If oestrogen excess is causing heavy periods and subsequent pain, then we need to rectify this hormonal imbalance. Oestrogen excess may occur due to increased production of oestrogen, reduced clearance of oestrogen, or a combination of the two. If the issue is increased production, then we need to address modifiable factors such as diet, body fat levels and exposure to endocrine-disrupting chemicals. Some women genetically produce more oestrogen, so in these cases, we help support oestrogen breakdown and clearance. The liver and bowel are the two main mechanisms by which we clear oestrogen from the body, so supporting these organs and ensuring regular bowel motions can help rectify the issue.

Other Causes of Period Pain

Sometimes, period pain goes beyond a simple magnesium deficiency or dietary issue. For some women, period pain is caused by an underlying condition, such as endometriosis, fibroids, cervical stenosis or pelvic inflammatory disease (typically caused by a sexually transmitted infection).

In endometriosis, the uterine lining grows outside of the uterus, such as in the abdominal cavity or bowel. This can cause severe pain, heavy menstrual bleeding and widespread inflammation. Other symptoms that can be suggestive of endometriosis include pain during sex, bleeding between periods, infertility and/or pain with bowel motions or urination.
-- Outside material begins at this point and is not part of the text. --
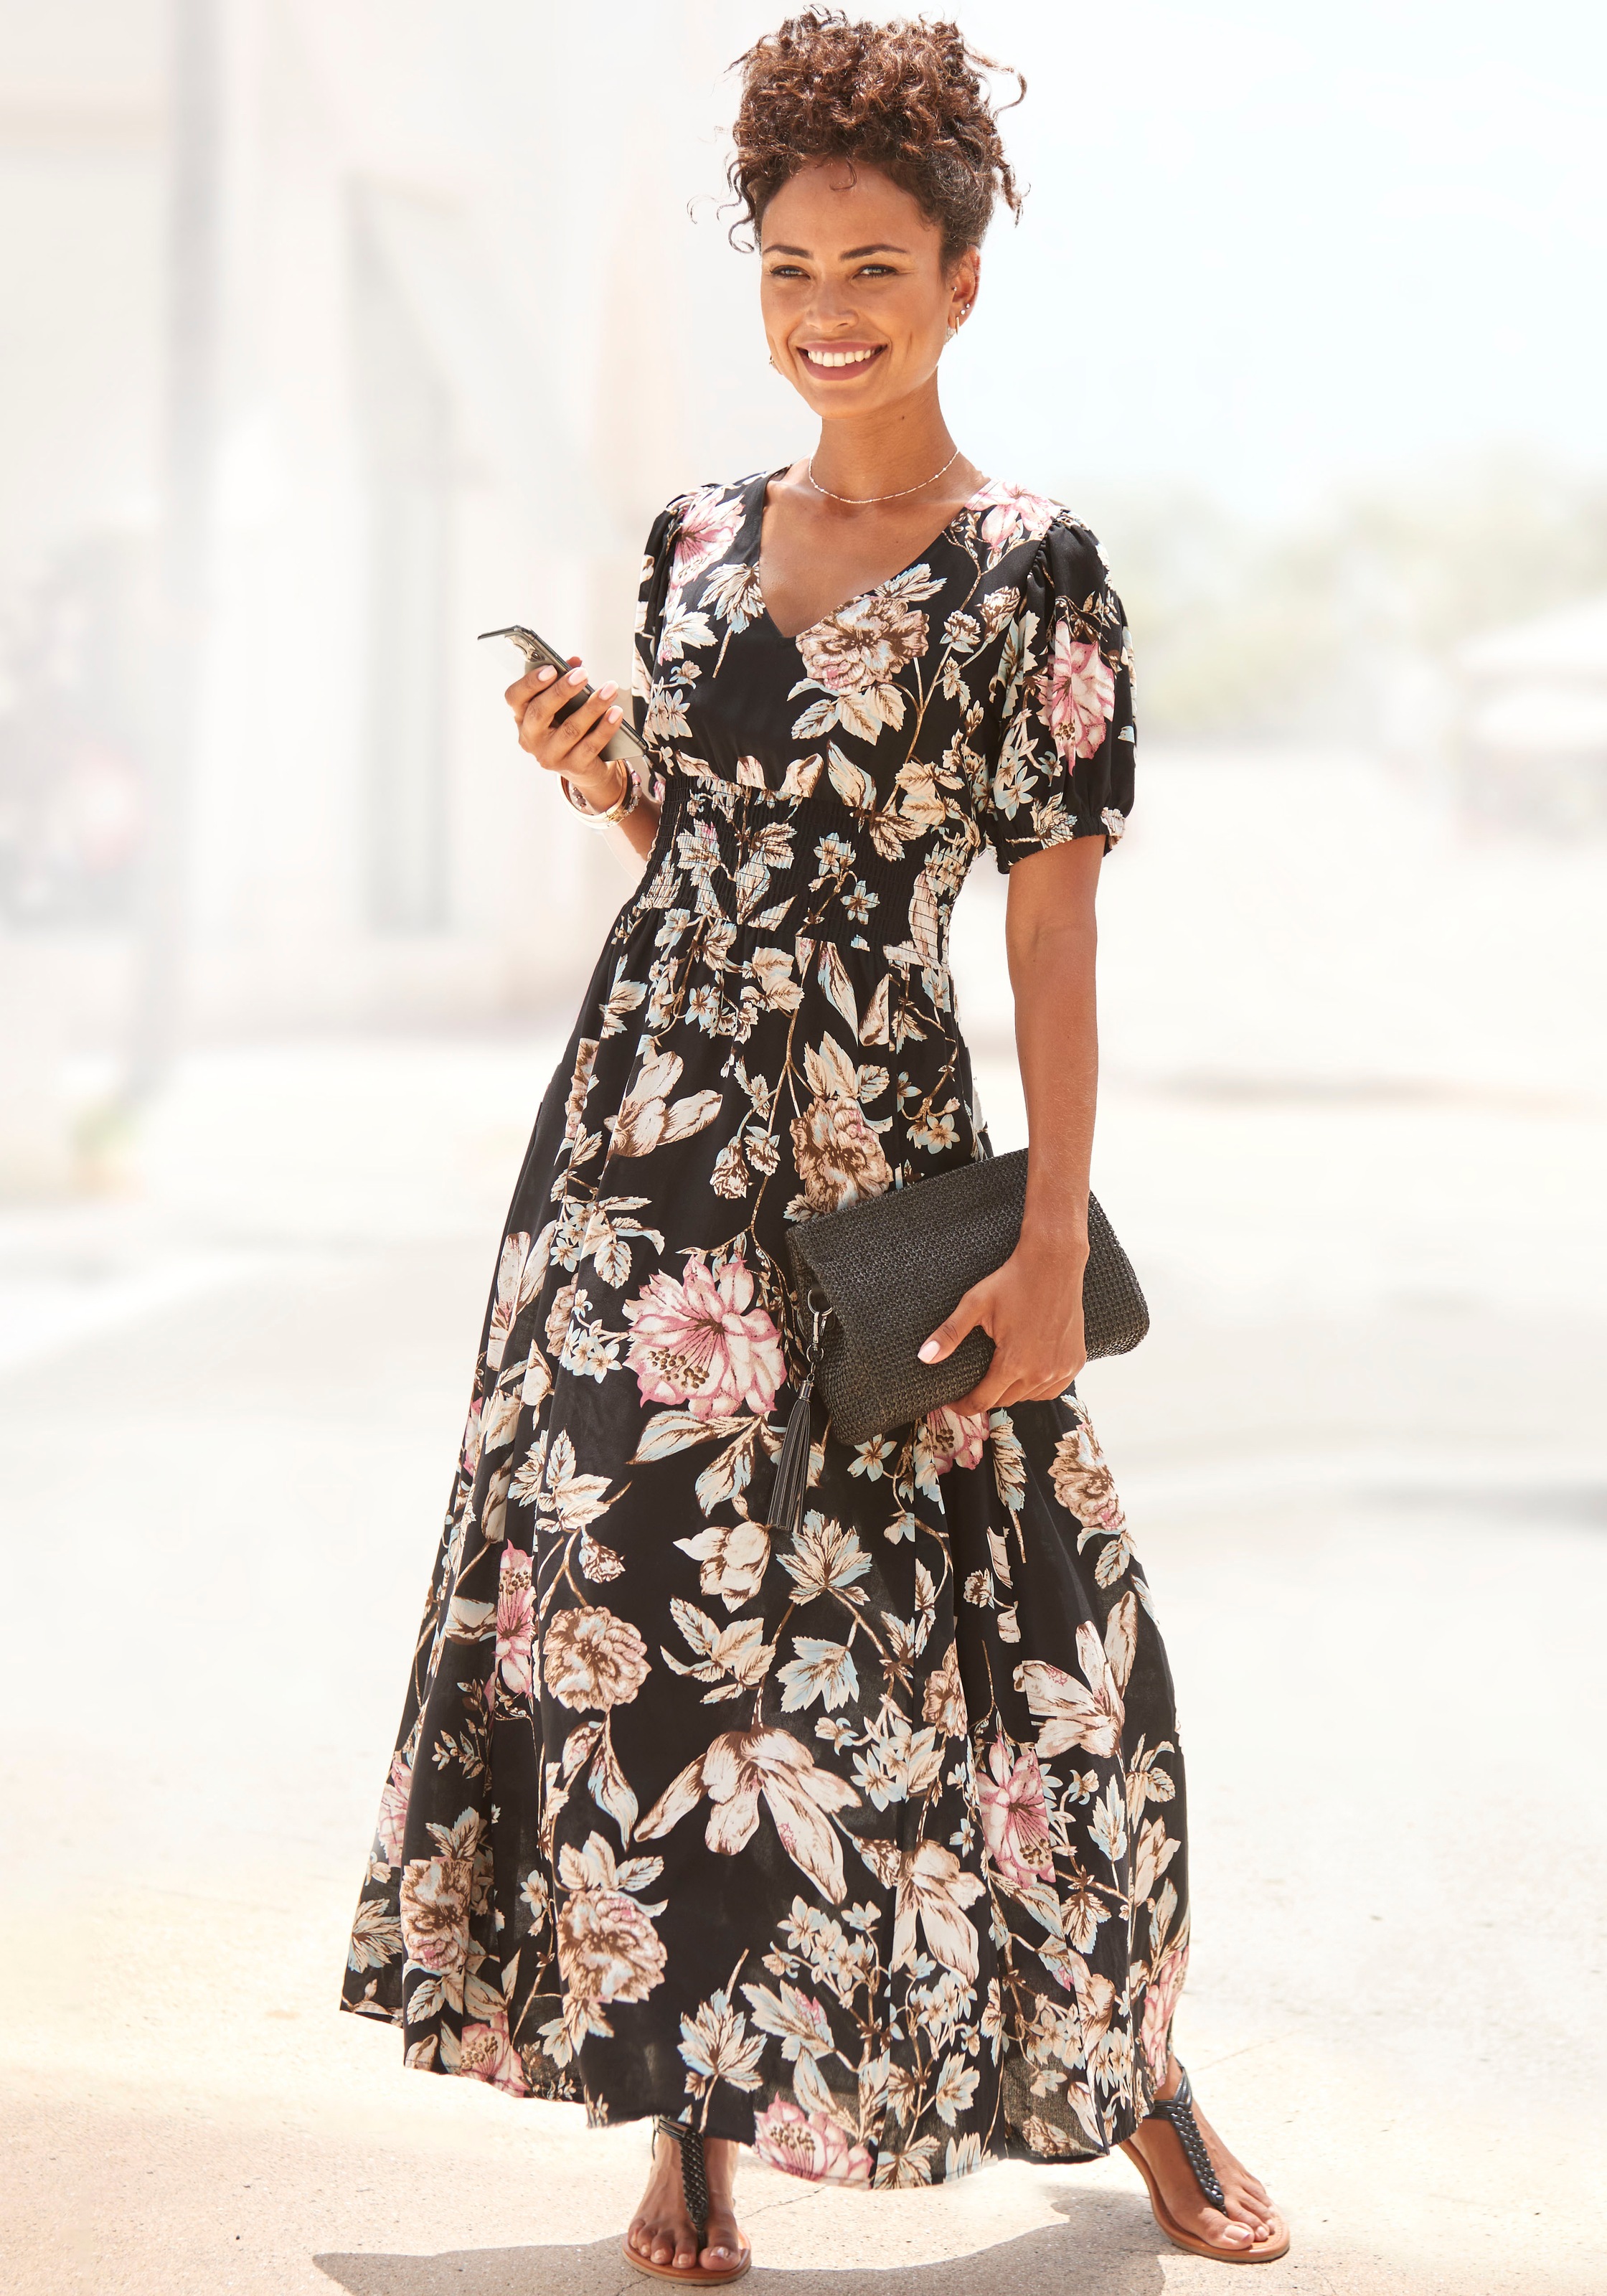 LASCANA Maxikleid, mit Blumendruck und leichten Puffärmeln, Sommerkleid, casual-elegant

If you have any of these symptoms, it is ESSENTIAL you have them properly investigated.

What Does NOT Cause Period Pain

PCOS is NOT a cause of period pain, so if you’ve been putting your period pain down to this, it’s important to realise something else might be going on! Lara Briden has a great article on the topic of PCOS and period pain here.
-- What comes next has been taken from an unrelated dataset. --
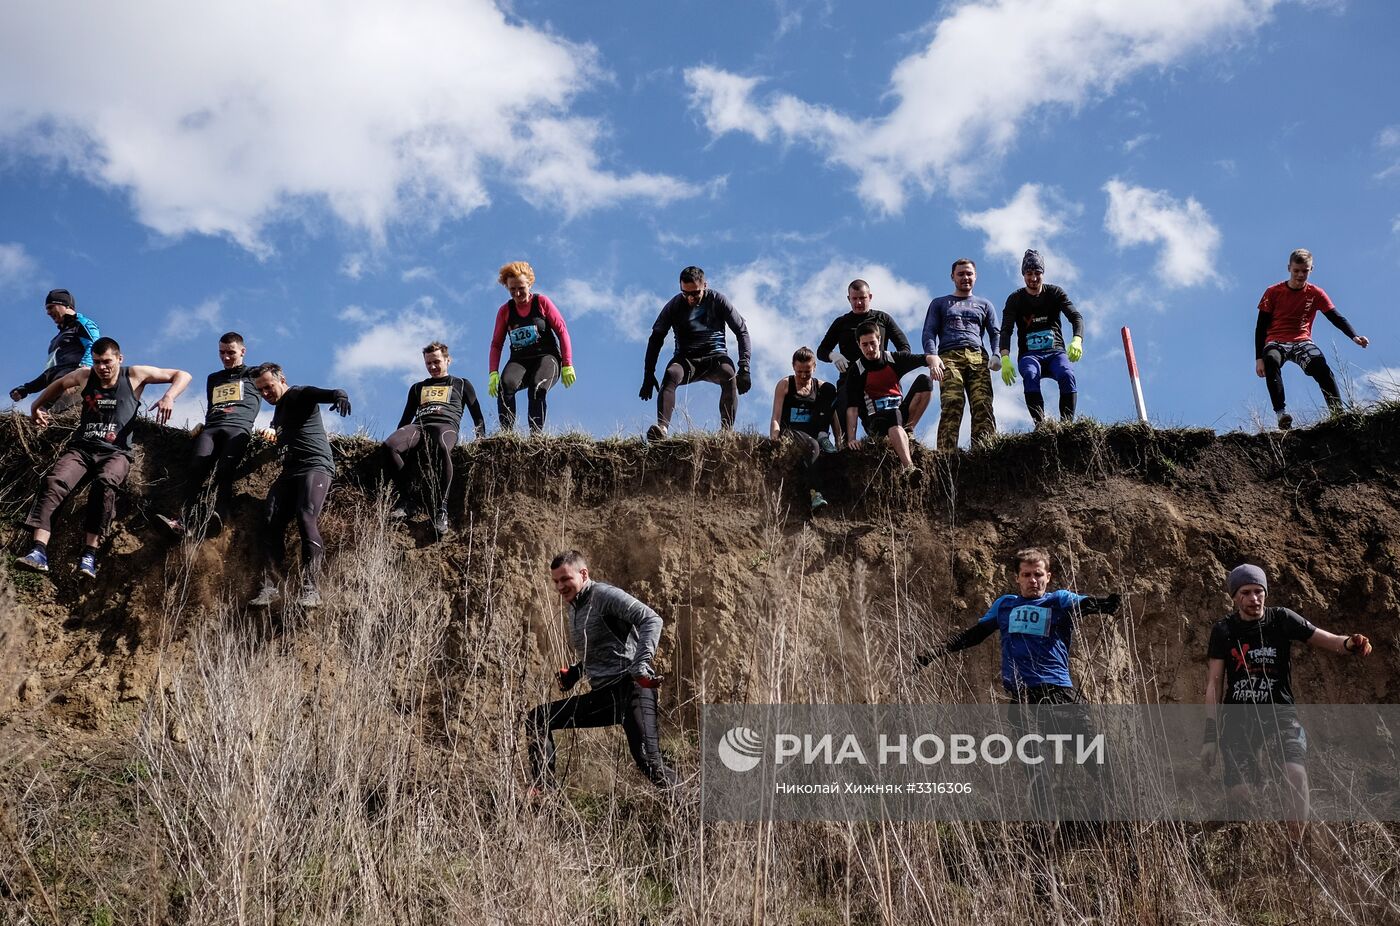 Экстремальная гонка с препятствиями "Крутые парни" в Краснодарском крае

Peri-menopause is certainly a time in which women experience changes in their cycle; they might experience cycles of varying length, heavier bleeds, lighter bleeds and other symptoms like hot flushes, however pain is not inevitable. In early peri-menopause, many women experience a significant increase in oestrogen production, which can thicken the endometrial lining and contribute to pain, cramping and heavy bleeding, in part due to the imbalance that occurs between oestrogen and progesterone production at this time. It’s easy therefore to put period pain down to these hormonal fluctuations, but it is important to still investigate the pain as a potential separate entity, to ensure the true cause isn’t missed.

Monitoring Period Pain

The health of your reproductive organs can play a huge role in your overall health and wellbeing, so being informed and proactive when it comes to your menstrual cycle is essential! I encourage all my female patients to monitor their menstrual symptoms with a period tracking app or notepad and pen. These tools can give valuable information to your healthcare provider about when your symptoms occur, as well as the severity and nature of your pain. They can be used to monitor changes in symptoms or symptom severity over time, as well as to track other useful info such as the duration of your bleed, changes in your cervical mucus and the length of your cycle.
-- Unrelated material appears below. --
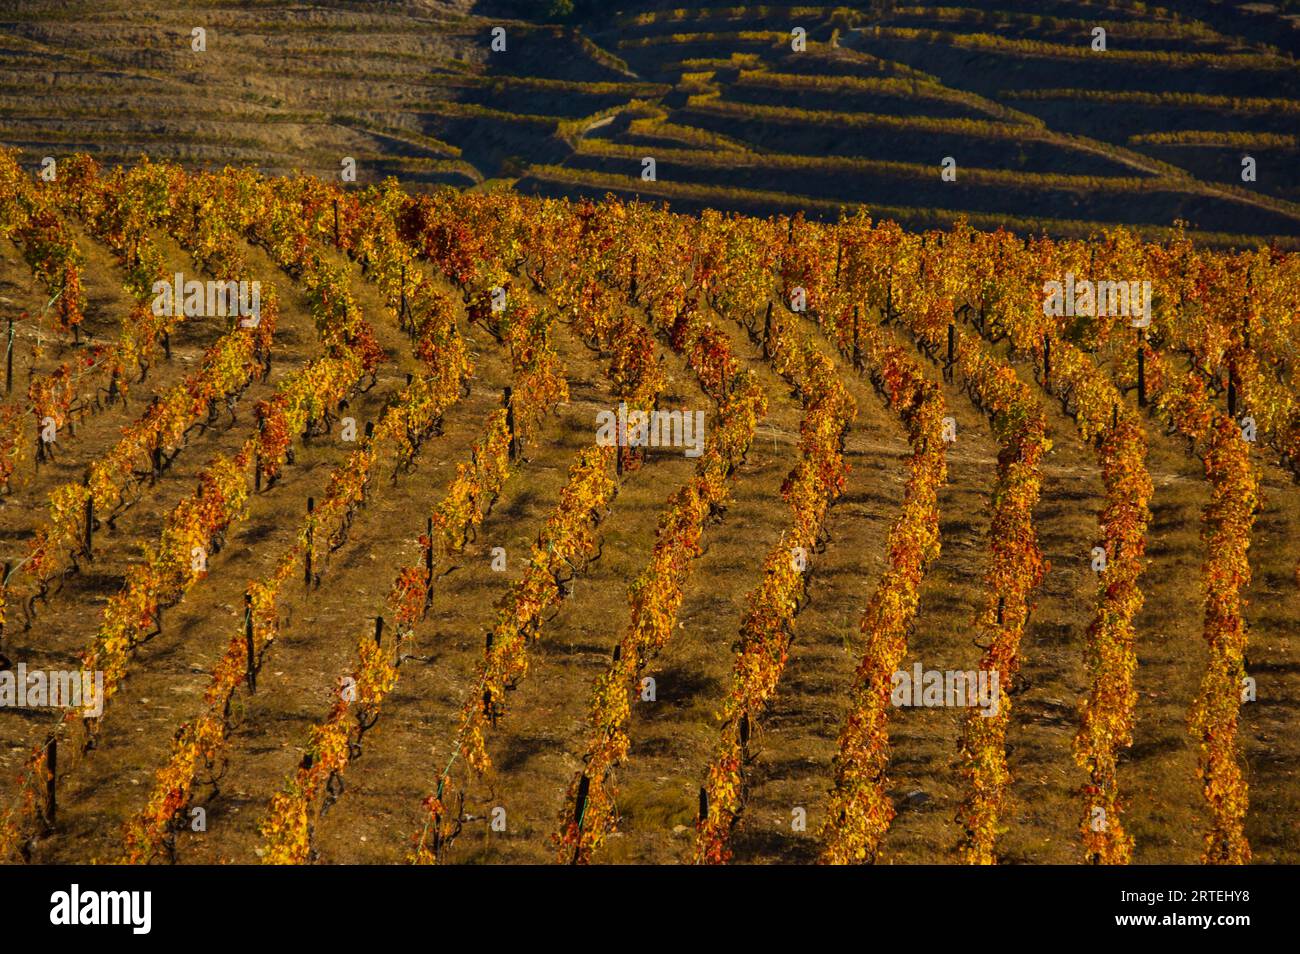 Vignoble aux couleurs d'automne, près de Chanceleiros dans la vallée du fleuve Douro au Portugal ; vallée du fleuve Douro, Portugal Banque D'Images

That said, whilst I encourage my patients to use period tracking apps to record valuable information about their cycle, I do not recommend using them to predict ovulation or guide contraception choices. These apps use algorithms to calculate when your fertile window MAY be, but they are particularly unreliable if you have an irregular cycle. Even for women with a regular cycle, they should not be used as a form of ‘contraception’, as there are many factors that can cause us to ovulate early or late, and such algorithms do not account for these possible disruptions. Predictions made about your ‘fertile window’ are simply that - predictions. Like the weather, they are not cast in stone, and they are certainly not always accurate. To avoid confusion, some apps allow you to turn off the ‘fertile window’ function, which can help you avoid the temptation of relying on these predictions. The topic of birth control however is a whole other article in and of itself, and one that I will definitely explore in future blog posts.